All Eyes on PIMCO Total Return ETF Launch | Page 2 of 2 | ETF Trends

He added one reason PIMCO Total Return Fund uses derivatives is because of its huge size, so it could actually be easier in some respects to manage the ETF version. Investors may also like the ability trade the ETF as well as its transparency and tax efficiency, Burns said.

If investors do migrate to the ETF class, other big fund companies will likely follow PIMCO’s move into active ETFs.

Fund firms will “see this is sink-or-swim time,” Brown said.
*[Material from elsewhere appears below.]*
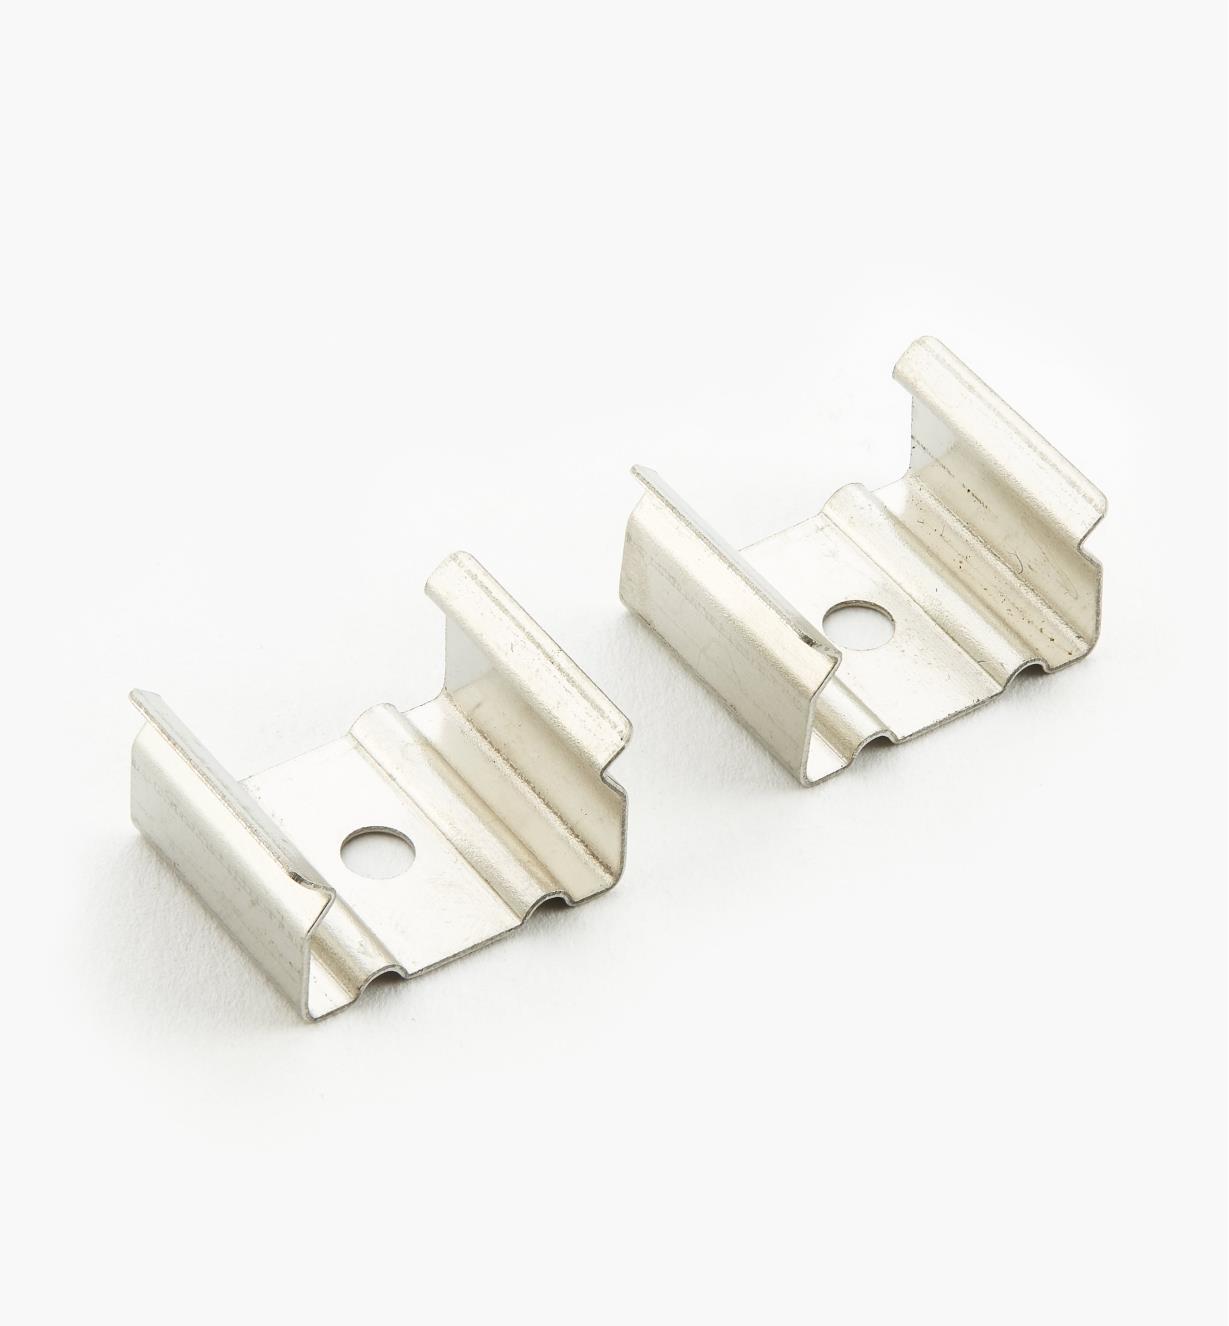 00U4246 - Éléments de fixation pour support à montage en surface et encastrable, lapaire

It could be a “monumental change” for how investors get active strategies in their portfolios.

“It’s not an active versus passive discussion – it’s a wrapper issue,” he said.

Morningstar’s Burns said his firm views ETFs primarily as a new technology, and that the business grew up as index-based products as a result of SEC regulation. ETFs bring the low fees that institutional investors enjoy to all investors, and are disrupting the distribution of financial products because they’re not based on commissions, he said. More money is going into fee-based strategies in which advisors are compensated by a percentage of assets, rather than commissions.

Brown said he’s using more ETFs and less open-end funds in client portfolios. ETFs are often more convenient and don’t have minimum investments and other “hassles,” he said.

“PIMCO is making a defensive rather than offensive move with Total Return ETF,” Brown said. “Clients are going to be doing more advising and less brokering.”